Whenever we have a big news story, it feels as if the story arc inexorably heads toward a media review of the media’s role in covering the story.
The most recent example (until the next one): heavy flooding in Nashville, TN following a weekend during which the city got stuck under a storm system that dumped 15 inches of rain in a day.
As it happened, I was traveling to Nashville on May 4. My plane landed in sunny, nearly cloudless weather that gave those of us with window seats a birds-eye view of the most extensive flooding I have ever seen.
At Newsweek, Andrew Romano is right: the media outside of Nashville did not do its job.
I had paid attention to the news, and I knew that there had been severe weather. I had heard of flood warnings, but when I landed, entire areas of the city were under water, something largely unreported before I left.
In being right, though, Newsweek risks perpetuating a second media tradition: hand-wringing our way out of meaningful change.
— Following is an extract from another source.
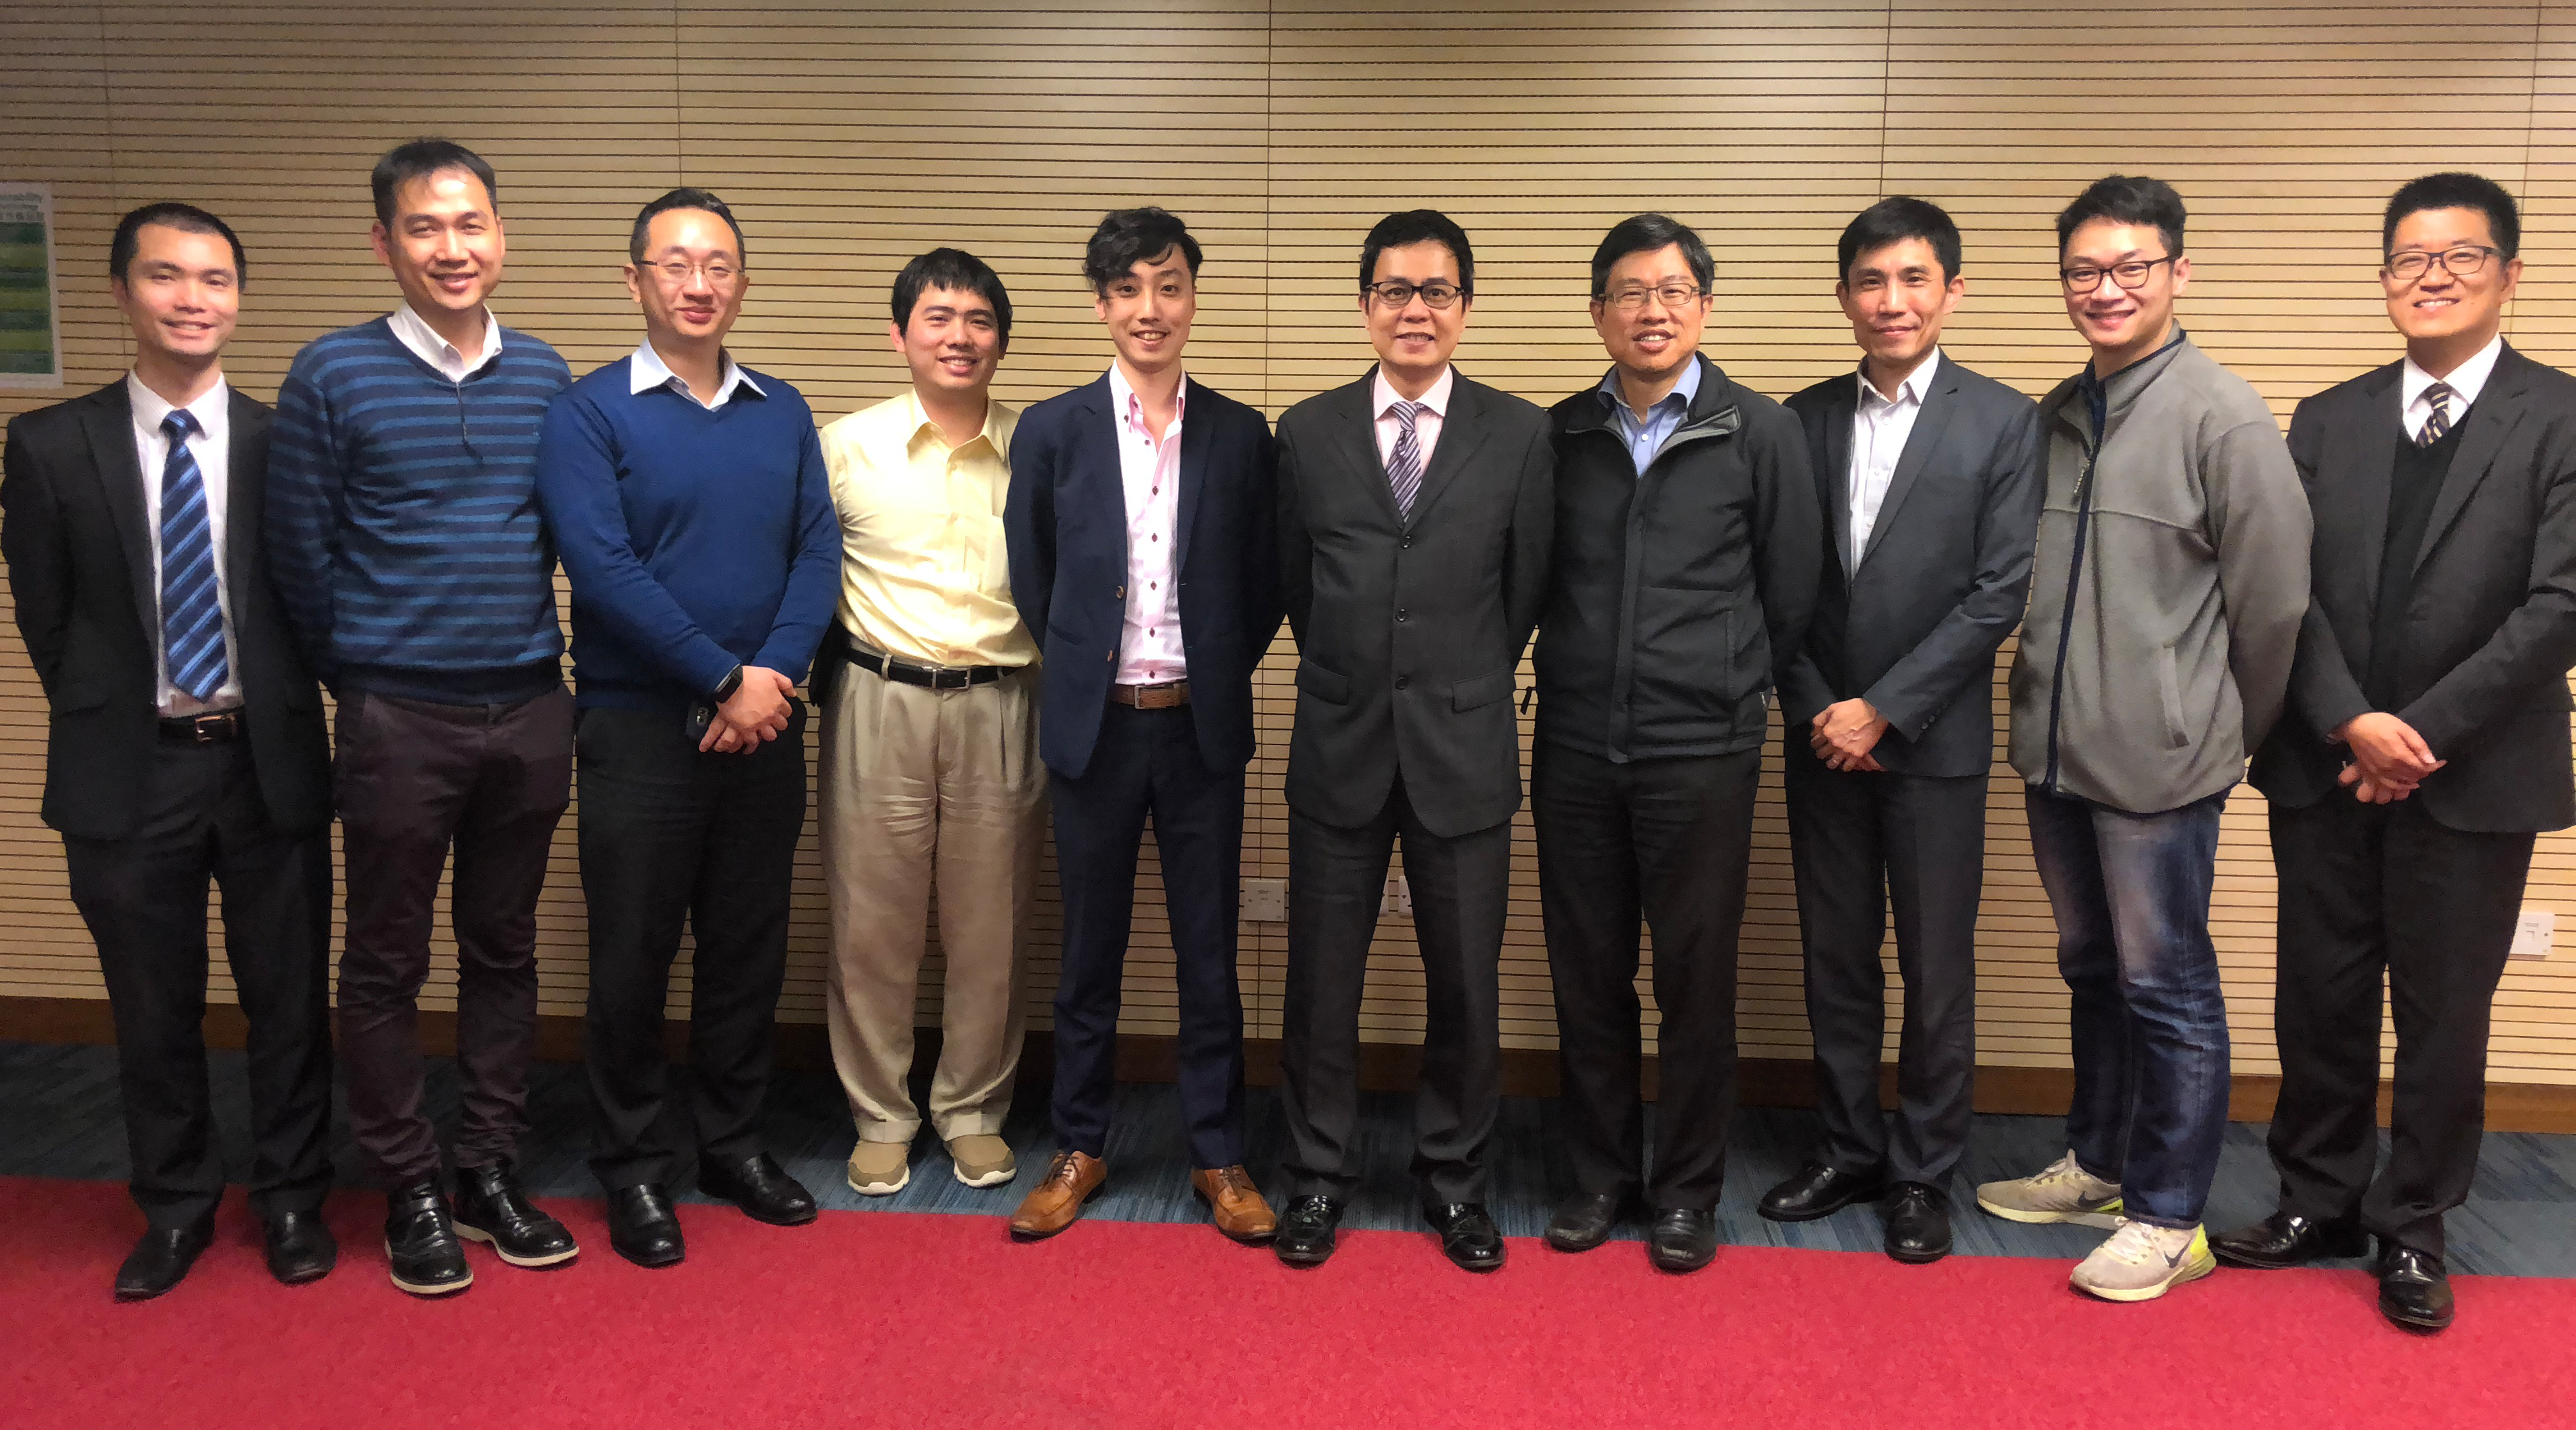 CSA HKM Councilors 2018

If there is a business model for effective reporting (and I think there is), writing about the need for change is only the first step. What is Newsweek, or any other media entity, planning to do differently in the future?
That’s not to pick on Andrew Romano, who raised the issue. I wish he’d been in the taxi I took back to the airport on May 6. The driver told me of a cousin who had seen flood waters rise so quickly he barely had time to grab the family dog. In waist-deep water, the pet panicked, broke free and was lost.
If I can hear and tell that story, so too can the businesses we pay to bring us news.